Oh Jiyun, Park Hyun Jeong, Lee Eun Sun, Park Sung Bin, Choi Byung Ihn, Ahn Soohyun
Department of Radiology, Chung-Ang University Hospital, Chung-Ang University College of Medicine, Seoul, Korea.
Department of Mathematics, Ajou University, Suwon, Korea.
Ultrasonography. 2021 Oct;40(4):499-511. doi: 10.14366/usg.20122. Epub 2021 Jan 16.
The aim of this study was to evaluate the association between the severity of hyperechoic pancreas (HP) on ultrasonography (US) and glycemic progression.

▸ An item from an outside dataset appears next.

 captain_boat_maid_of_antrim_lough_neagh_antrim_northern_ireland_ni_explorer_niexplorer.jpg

In total, 1,386 participants who underwent abdominal US as part of health examinations between December 2008 and May 2014 were included in this retrospective study. We classified pancreatic echogenicity on a 4-point scale, and compared it using two distinct criteria: fatty pancreas (FP) 1 criterion (normal vs. ≥mild HP) and FP2 criterion (normal/mild HP vs. ≥moderate HP). According to the presence of nonalcoholic fatty liver disease (NAFLD), participants were subdivided into four groups: non-NAFLD and non-HP, isolated NAFLD, isolated HP, and HP with NAFLD. Glycemic progression was defined as progression from normoglycemia to prediabetes or diabetes or progression from prediabetes to diabetes.

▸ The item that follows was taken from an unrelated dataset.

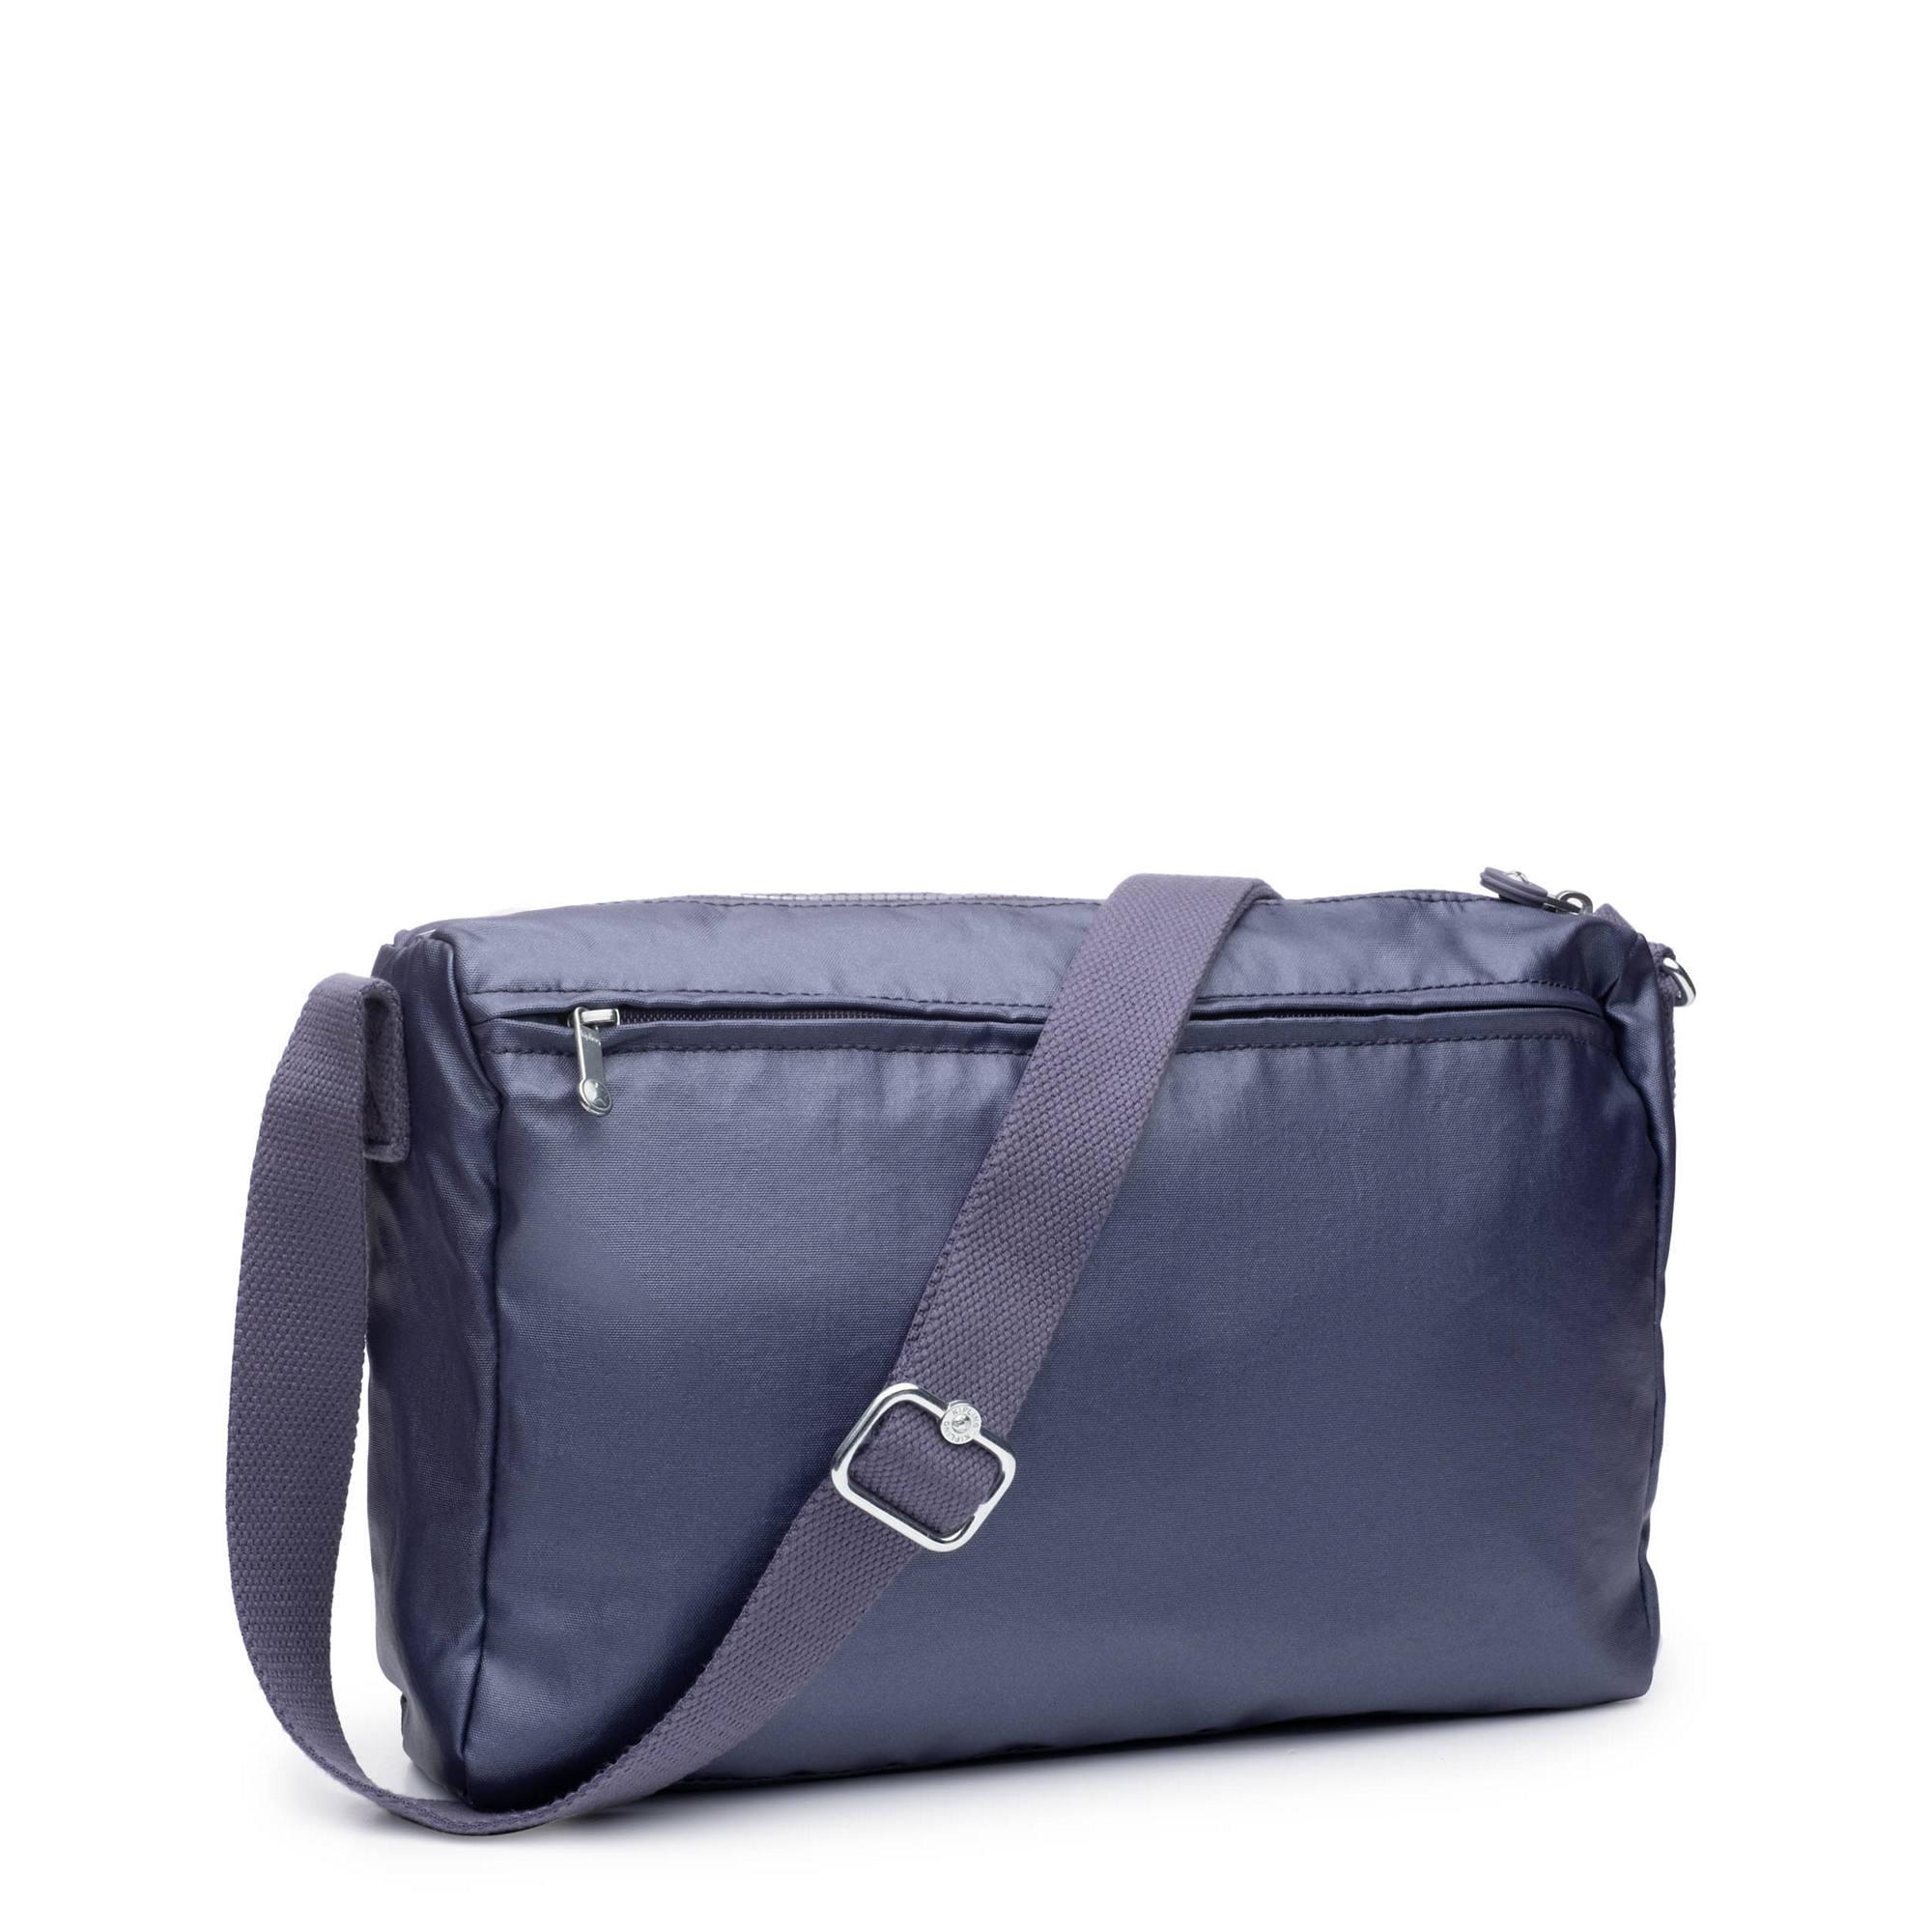 Jean Crossbody Bag,Enchanted Purple Metallic,large-zoomed

During the follow-up (median, 5.9 years), 262 of the 1,386 participants developed glycemic progression. Using FP2, the probability of glycemic progression across the four subgroups showed cumulative aggravation for NAFLD and HP (all P<0.05). Isolated HP showed a higher probability of glycemic progression than isolated NAFLD according to FP2 (P<0.001). The highest probability of glycemic progression was observed in patients with both NAFLD and HP (P<0.001). The hazard ratio for glycemic progression increased with the severity of HP.
Increasing severity of HP on US was found to be significantly correlated with glycemic progression. Moreover, isolated HP of moderate or greater severity predicted glycemic progression independent of NAFLD.

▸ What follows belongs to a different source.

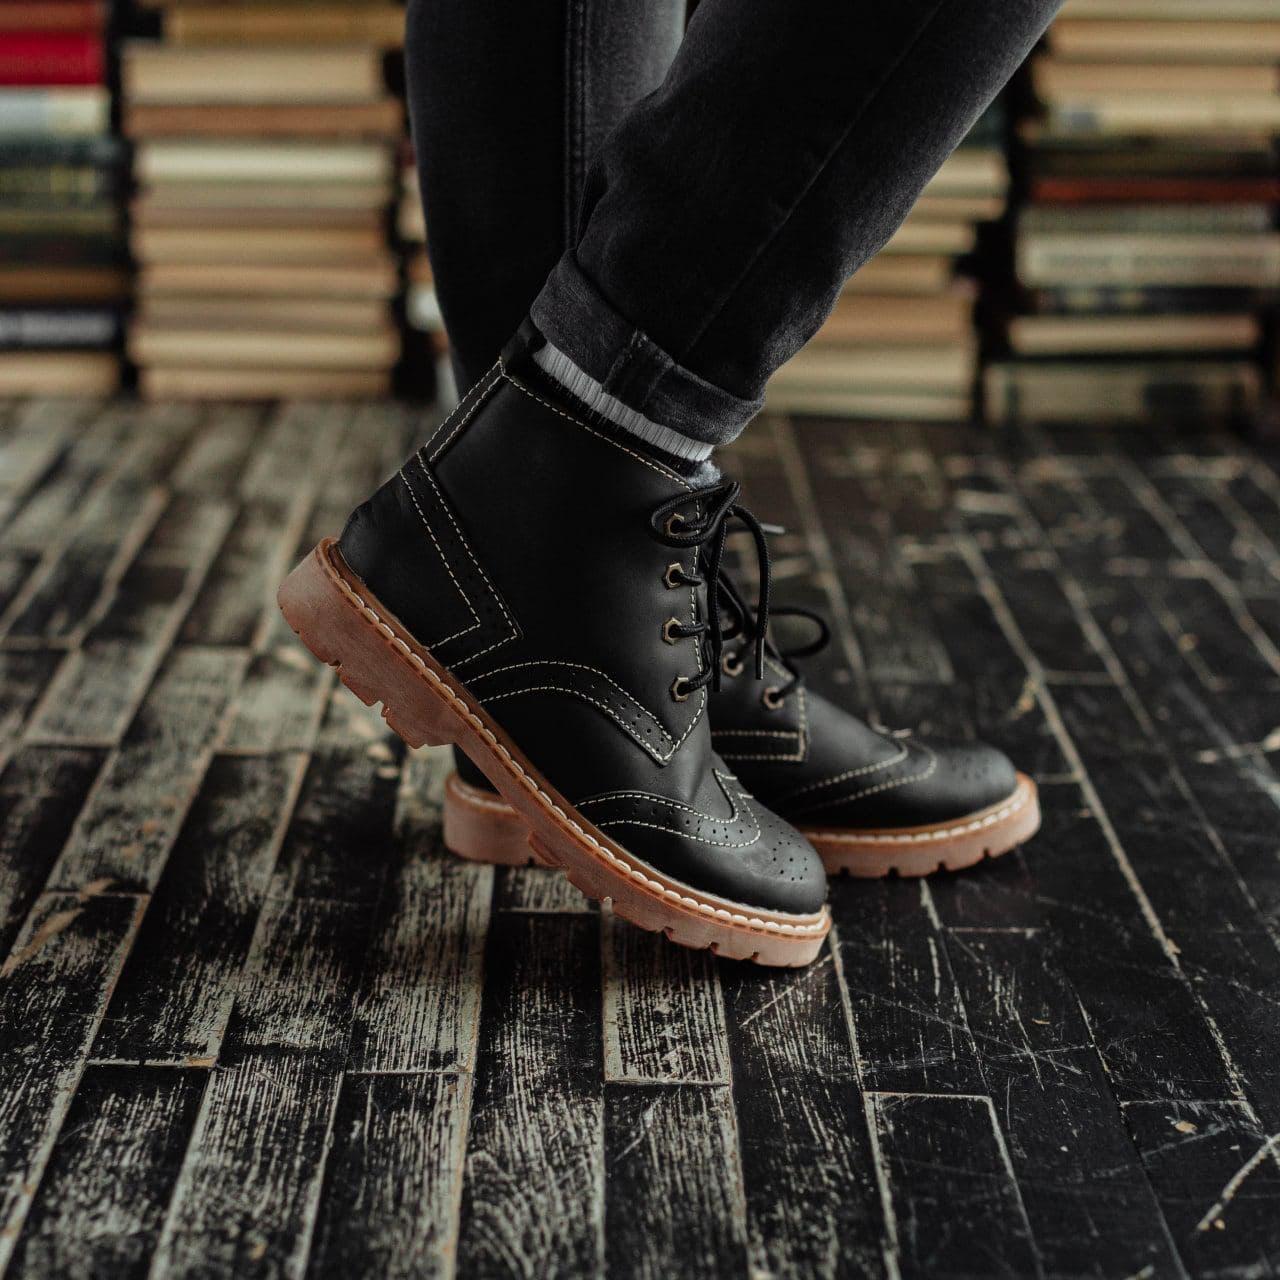 Ботинки South Rebel black - фото 2

本研究旨在评估超声检查(US)中高回声胰腺(HP)的严重程度与血糖进展之间的关联。
本回顾性研究纳入了2008年12月至2014年5月期间作为健康检查一部分接受腹部超声检查的1386名参与者。我们将胰腺回声性分为4级,并使用两种不同标准进行比较:脂肪性胰腺(FP)1标准(正常与≥轻度HP)和FP2标准(正常/轻度HP与≥中度HP)。根据非酒精性脂肪性肝病(NAFLD)的存在情况,参与者被分为四组:非NAFLD且无HP、孤立性NAFLD、孤立性HP以及合并NAFLD的HP。血糖进展定义为从血糖正常进展为糖尿病前期或糖尿病,或从糖尿病前期进展为糖尿病。
在随访期间(中位时间为5.9年),1386名参与者中有262人出现血糖进展。使用FP2标准,四个亚组中血糖进展的概率显示NAFLD和HP存在累积加重(所有P<0.05)。根据FP2标准,孤立性HP比孤立性NAFLD出现血糖进展的概率更高(P<0.001)。NAFLD和HP同时存在的患者血糖进展概率最高(P<0.001)。血糖进展的风险比随HP严重程度增加而升高。
超声检查中HP严重程度增加与血糖进展显著相关。此外,中度或更严重的孤立性HP可独立于NAFLD预测血糖进展。